* Raw data
※ ※ ※

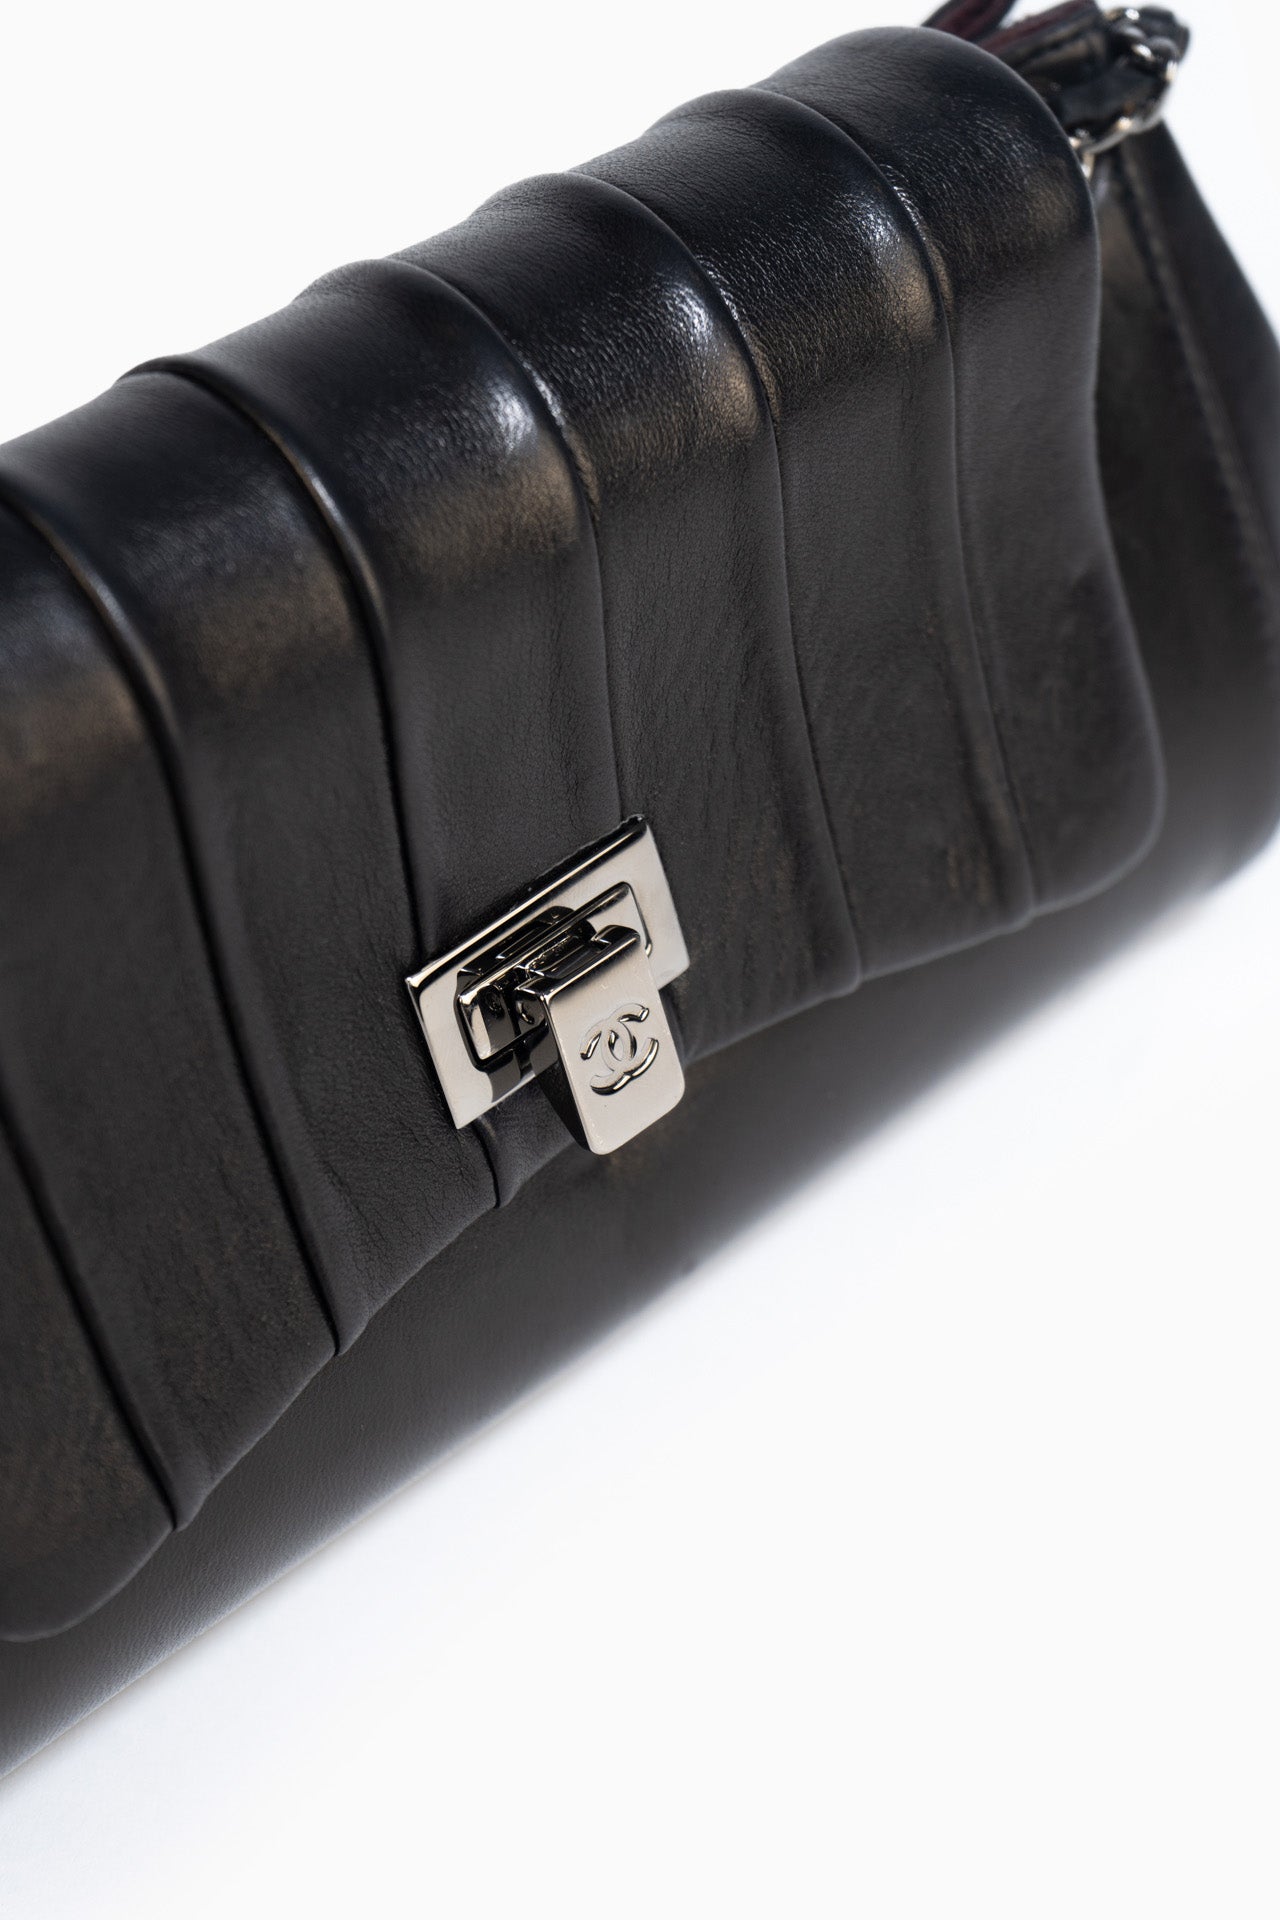 Chanel Vintage Leather Chain Soulder Bag in Black
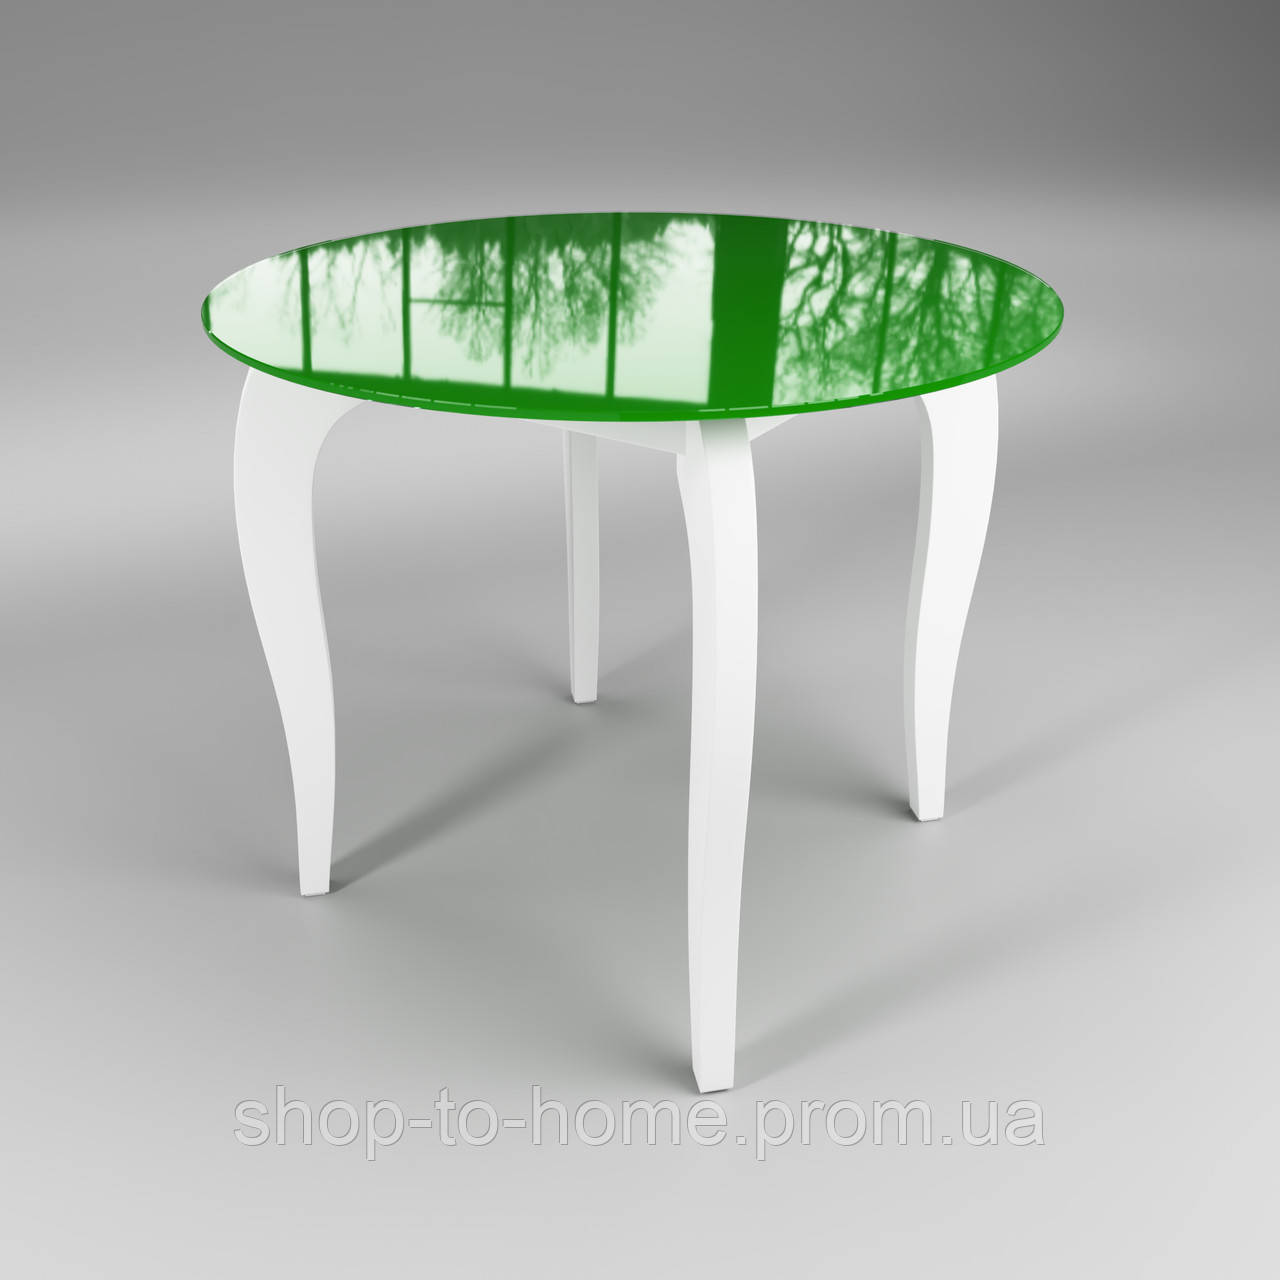 

Стол стеклянный Император Круг зелено-белый Sentenzo. Кухонный стол. Обеденный стол, Черный
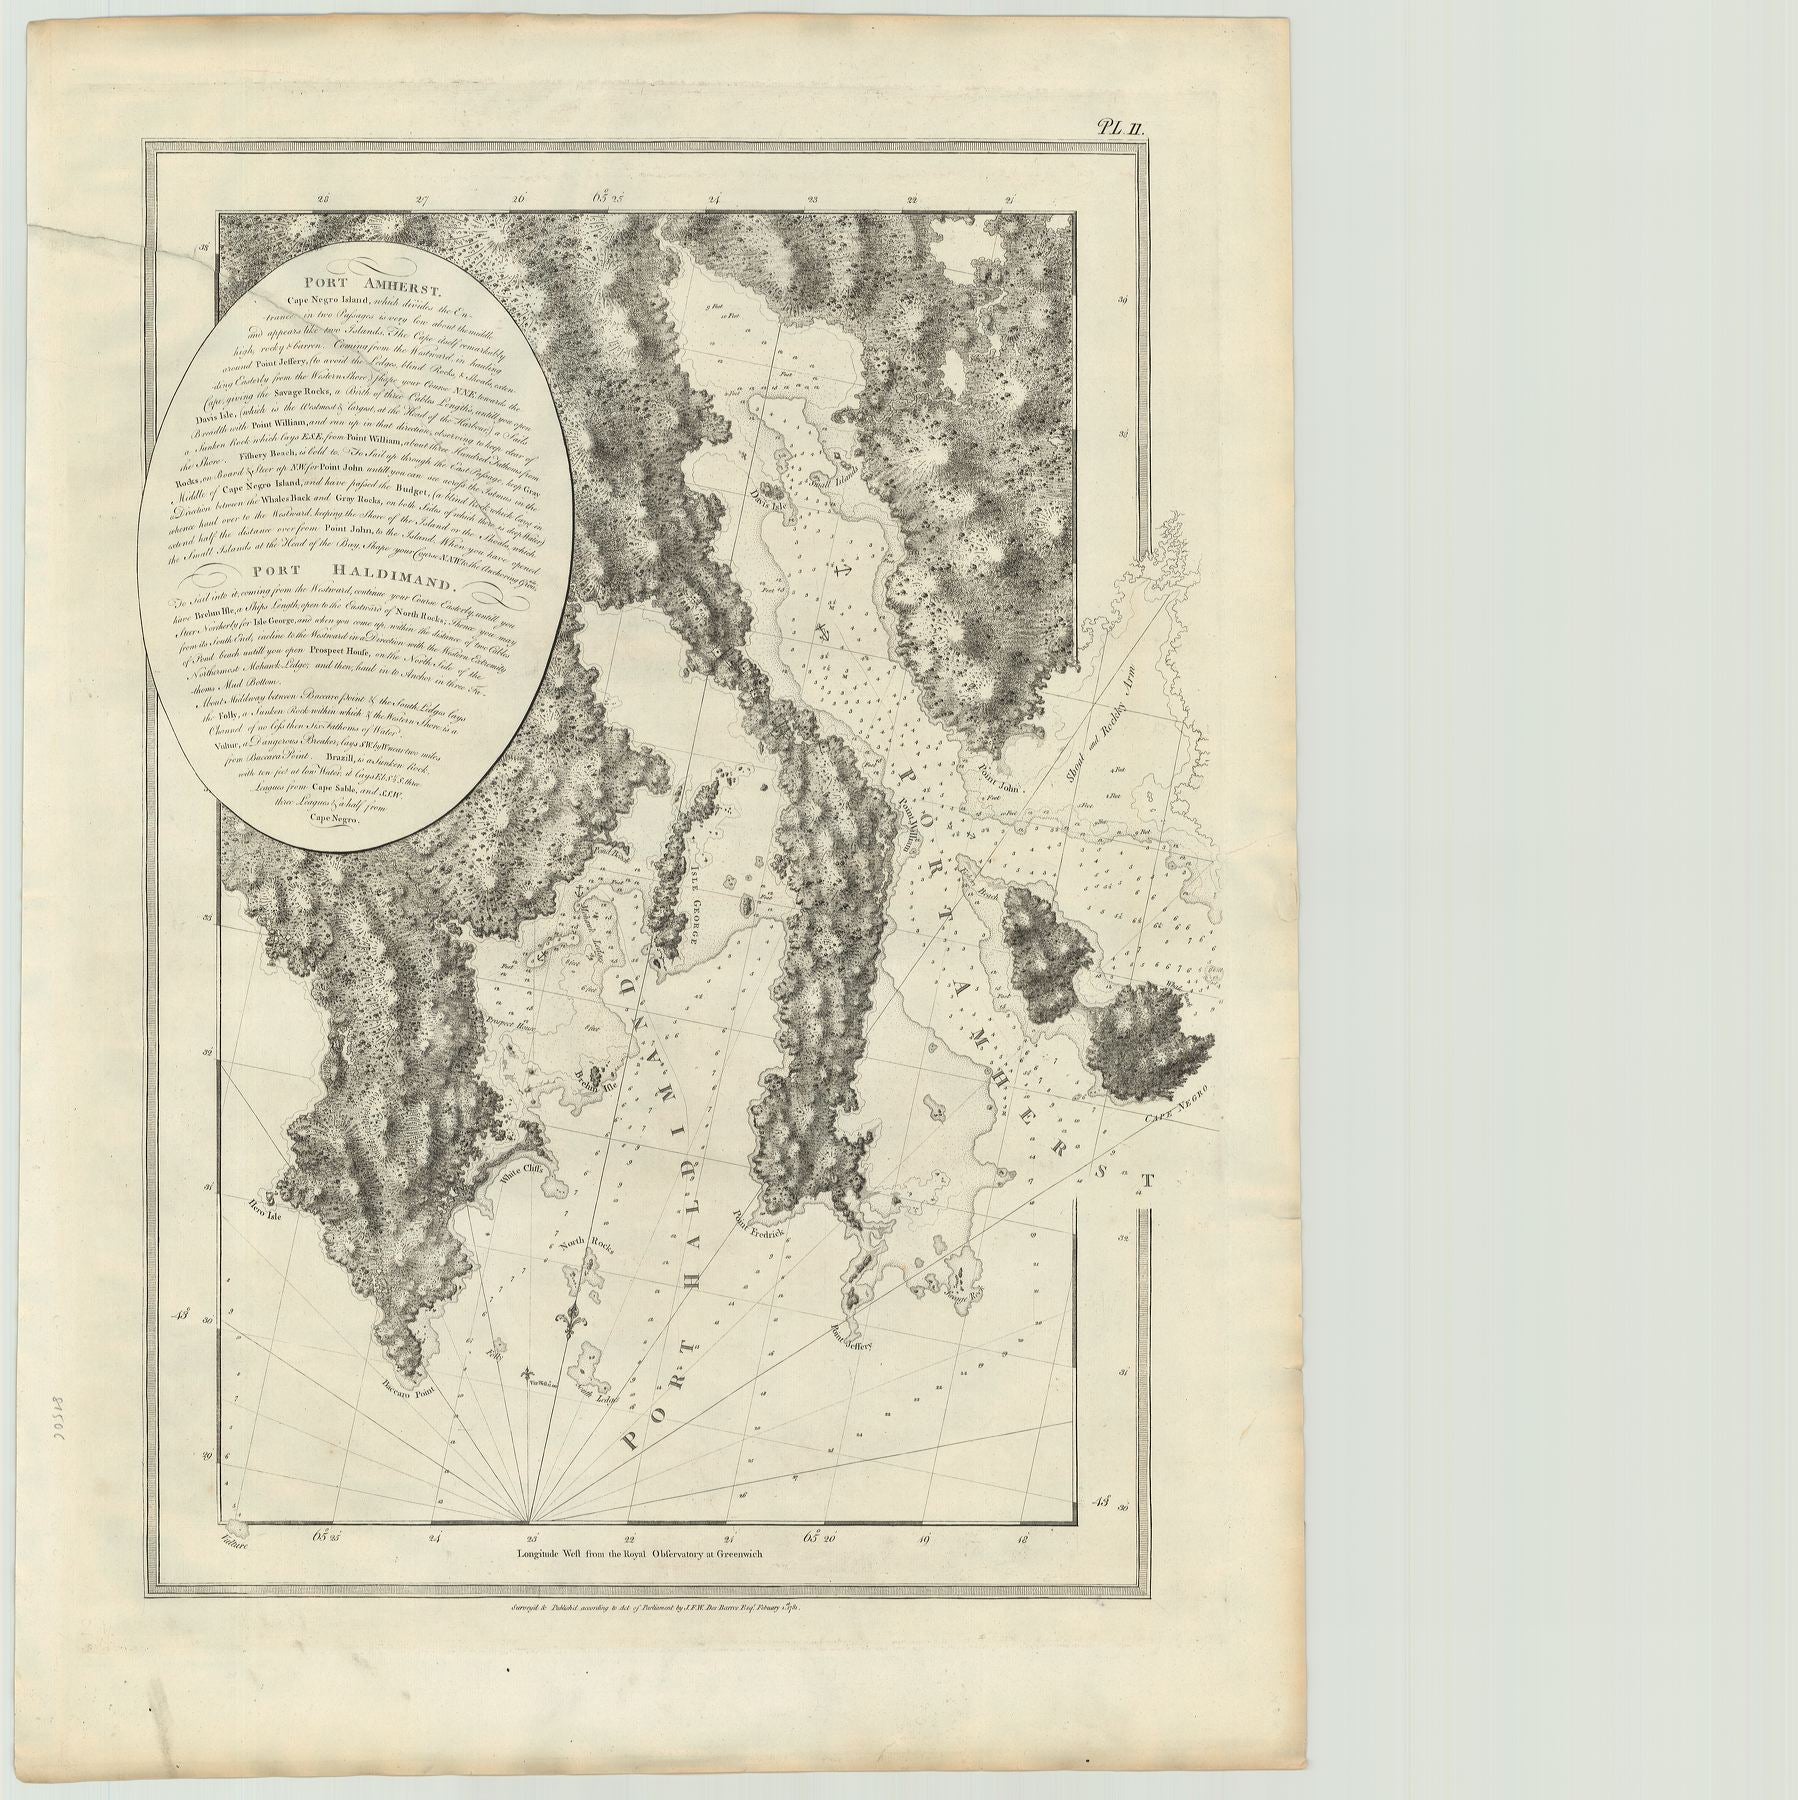 DesBarres, J.F.W.: Port Amherst … Port Haldimand. 1781

※ ※ ※

* Description of the task
Reproduce, word for word, every line from the one that contains "Стол стеклянный Император" to the end of the data, including both ends; omit all pictures.

* Your response
Стол стеклянный Император Круг зелено-белый Sentenzo. Кухонный стол. Обеденный стол, Черный
 DesBarres, J.F.W.: Port Amherst … Port Haldimand. 1781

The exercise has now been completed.